If you want to read more about advances in modeling and simulation in supply chain and industry, we recommend reading this article.
With such a complete supply chain model, we derive various other data models to see our company from multiple perspectives.
A multiple demand and fulfillment simulation
The supply chain model and simulation can be extended to a multiple order fulfillment. This means we address multiple demands with a single fulfillment, or execute a single request with multiple fulfilments.
Nodes as events
Nodes as events enable us to represent demands and fulfillment as a chart with historical stock levels along with a forecast with future stock level changes. Each demand represents a decrease, and a fulfillment represents an increase of a given stock level. This way, we get a great tool to detect high-priority stock orders or even inappropriate buffers.
Flow between places
Let’s consider the fact that we hold data about all transports in our supply chain model. We are then able to create another graph, and every node symbolizes a place. This allows us to see the transfer rate between places in a given timeframe. It can help us to optimize transportation.
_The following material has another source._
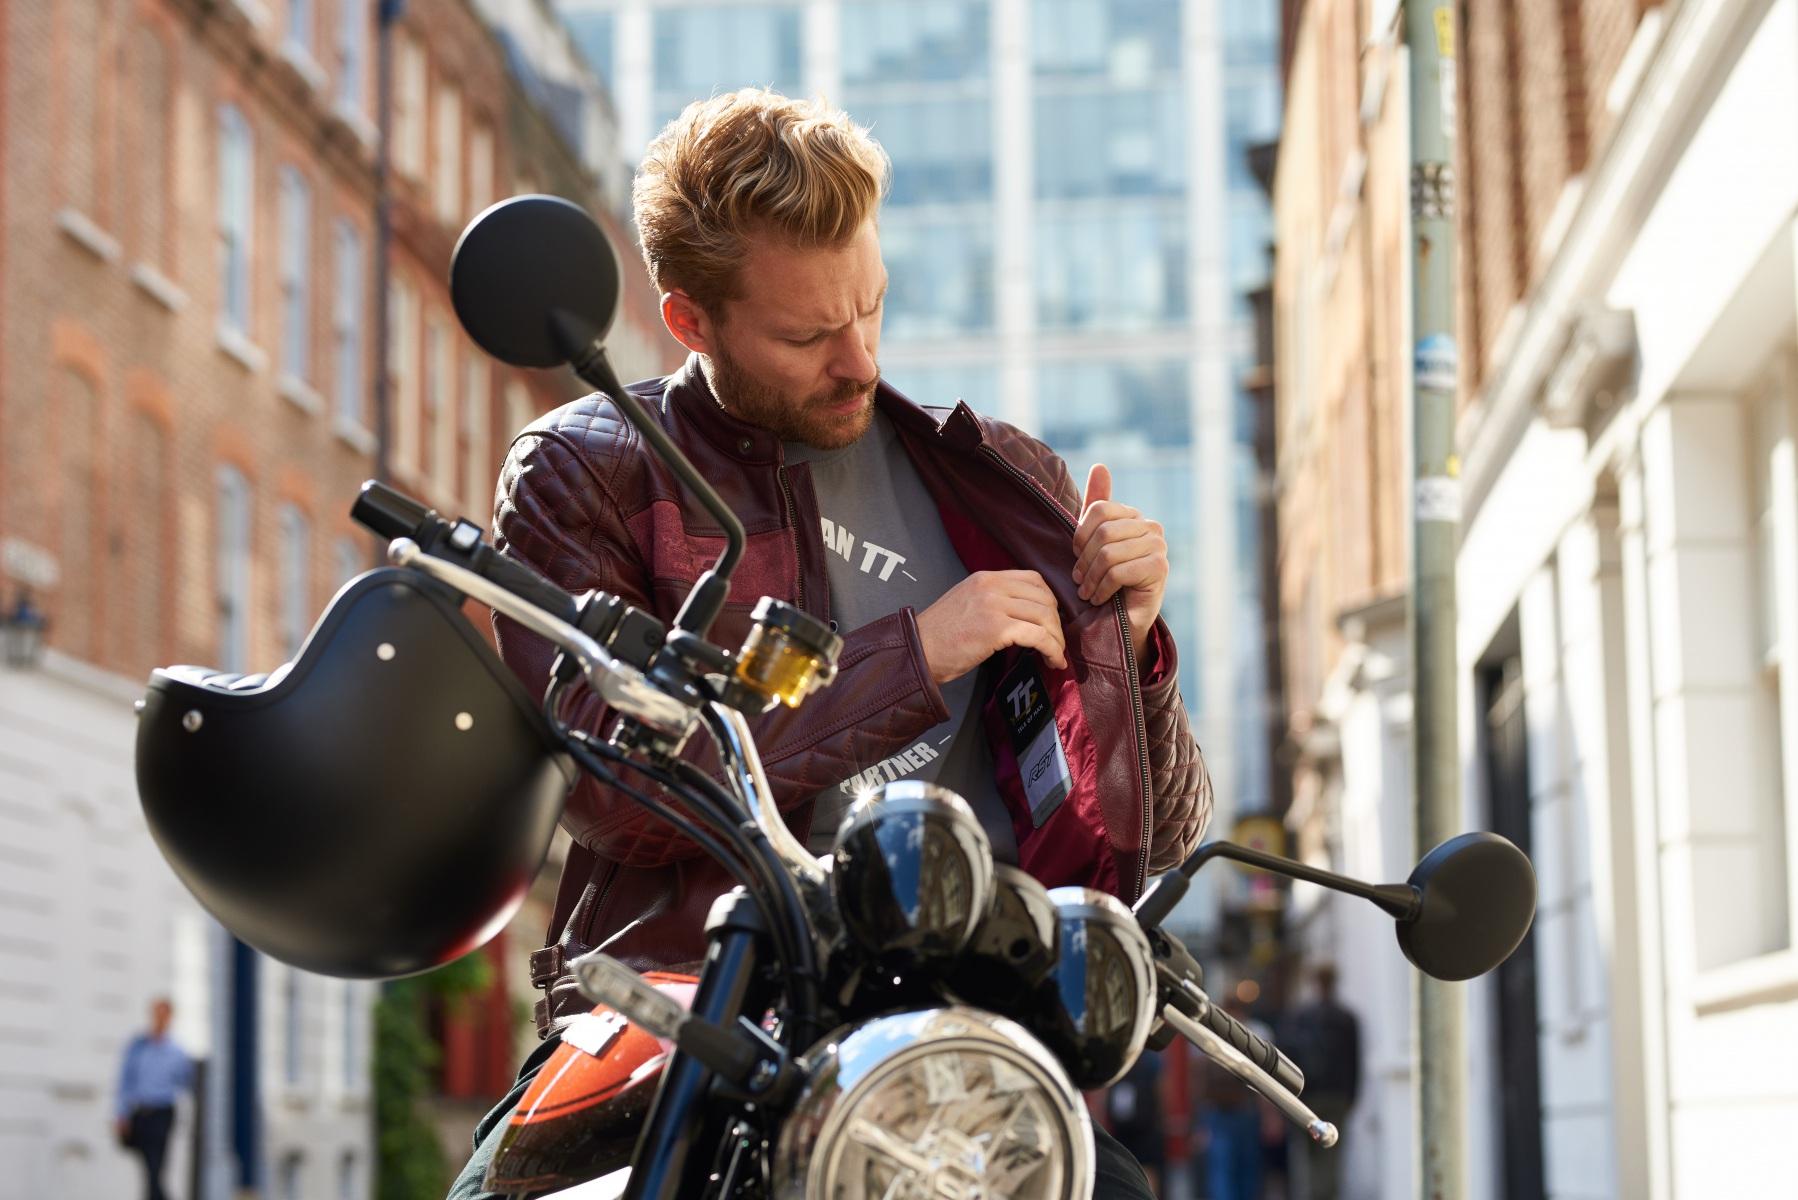 102375-rst-iom-tt-brandish-leather-jacket-oxblood-lifestyle-03

For example, we could increase commodity buffers in our warehouses or organize internal logistics to reduce transfers or make the majority of them as short as possible.
We haven’t mentioned any specific industry throughout the whole process, since we tried to make this model as generic as possible. If we extend processes within the bounds of our definitions, this model can be used to represent a material flow in a lot of industries, from manufacturing to logistic companies. If introduced in various sectors interacting with each other, we can even cover graphs from multiple companies.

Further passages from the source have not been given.